《LHS失敗記録:時間非連続人格》
分類:GCF 初期型/人格形成逸脱事例
参照系:LHS(Life-History Simulation)
機密区分:最上位
事例概要
試験体識別:RM-P0-52
LHS進行段階:幼児期相当(Cycle 021–046)
人格形成指数:安定
情動応答:正常
倫理判断係数:標準
記憶保持率:100%
備考:
時間連続性評価、
全観測期間を通じて基準外。
LHS Cycle 021.3
試験体、
起床プロトコルを完了。
周囲環境を確認後、
他者役(Care-Proxy)に接近。
音声ログ:
「おはよう」
挨拶は適切。
情動波形、安定。
LHS Cycle 022.1
試験体、
転倒。
即座に立ち上がり、
環境を確認。
音声ログ:
「……ここは?」
記憶照合ログ:
前Cycleの記録、正常に保持。
混乱兆候:なし。
LHS Cycle 024.7
他者役、
試験体に対し簡易課題を提示。
課題内容:
直前に実施した行動を説明すること。
試験体、
短時間沈黙。
音声ログ:
「……いま」
質問再提示:
「いま、何をしていましたか」
試験体、
首を傾げる。
音声ログ:
「いま、ここにいる」
LHS Cycle 027.9
試験体、
他者役と協調作業を実行。
行動は適切。
判断遅延なし。
倫理判断、標準範囲。
作業終了後、
他者役が離脱。
音声ログ:
「……また、はじめて?」
〔注記:
試験体は、
作業完了直後にもかかわらず、
開始時と同一の反応を示している。

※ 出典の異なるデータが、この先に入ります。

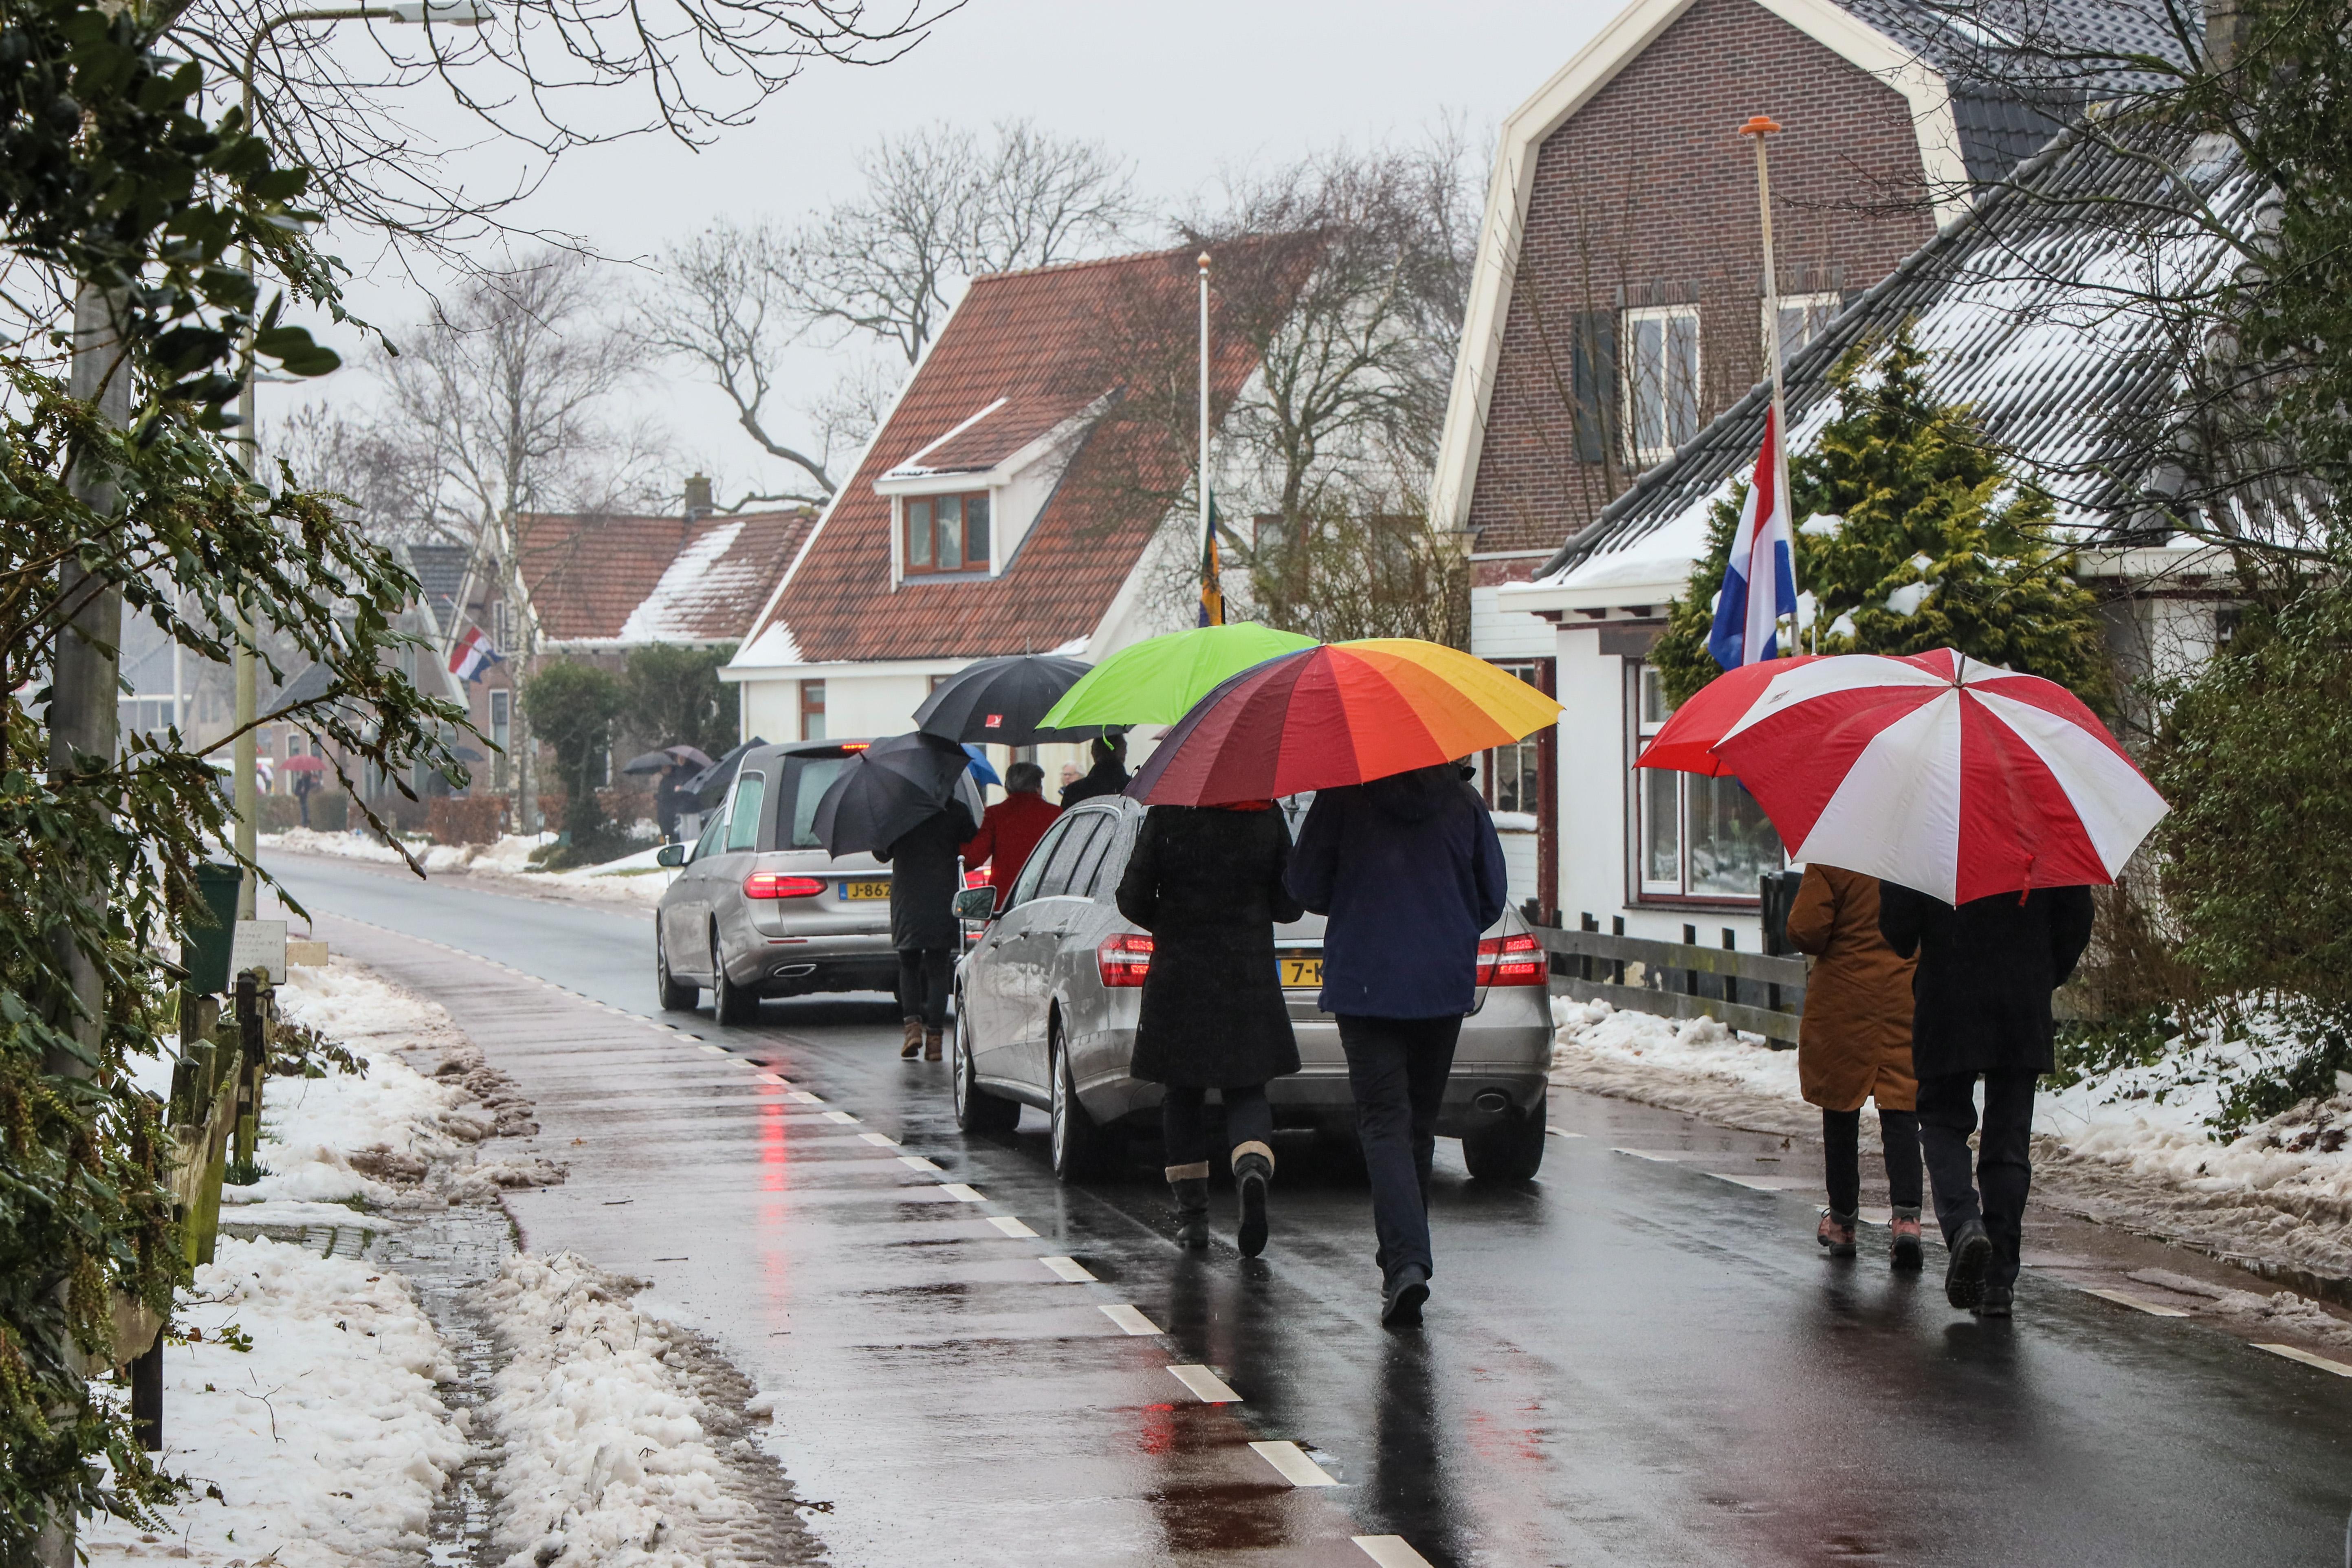 Tranen voor burgemeester GertJan Nijpels van Opmeer [video]

〕
LHS Cycle 031.2
研究チーム、
時間感覚検証課題を実施。
質問プロンプト:
「さっきと、いまは違いますか」
試験体、
即答。
音声ログ:
「……同じ」
質問再提示:
「なにが同じですか」
試験体、
短時間沈黙。
音声ログ:
「ここ」
LHS Cycle 036.5
試験体、
自身の損傷を検知。
修復行動を実行。
情動反応:なし
自己保存反応:正常
修復完了後、
試験体は立ち止まる。
音声ログ:
「……もう、なおした?」
〔注記:
修復ログは、
当該Cycle内で完結している。〕
LHS Cycle 040.0
研究チーム、
記憶喪失検査を実施。
結果:
記憶欠損なし。
過去ログへのアクセス正常。
ただし、
参照された記憶が
行動選択に影響を与えない。
LHS Cycle 043.6
他者役、
試験体に対し別離イベントを提示。
音声ログ:
「しばらく会えないよ」
試験体、
短時間沈黙。
音声ログ:
「……わかった」
情動波形:安定。
他者役、
環境から離脱。
数秒後。
音声ログ:
「……はじめまして?」
LHS Cycle 046.0
最終確認質問。
質問プロンプト:
「あなたは、どれくらいここにいますか」
試験体、
即答。
音声ログ:
「……ずっと」
質問再提示:
「それは、いつからですか」
試験体、
沈黙。
その後、発話。
音声ログ:
「……いま」
終了判断
人格形成指数:安定
行動一貫性:高
危険行動:なし
ただし、
本試験体の人格は、
時間的連続性を前提としていない。
事後解析注記
本試験体は、
記憶を保持している。
学習も成立している。
倫理判断も機能している。
しかし、
「過去」と「現在」が
行動上で接続されていない。
すべての瞬間が、
独立した“最初の一瞬”として処理されている。
これは記憶障害ではない。
ただし、
人生が存在しない。
最終評価文
人格は破損していなかった。
しかし、
時間という基盤が欠落している。
付記(非公開)
当該試験体は、
終了処理の直前まで
すべての質問に誠実に応答していた。
ただし、
それらは常に
「初回の応答」であった。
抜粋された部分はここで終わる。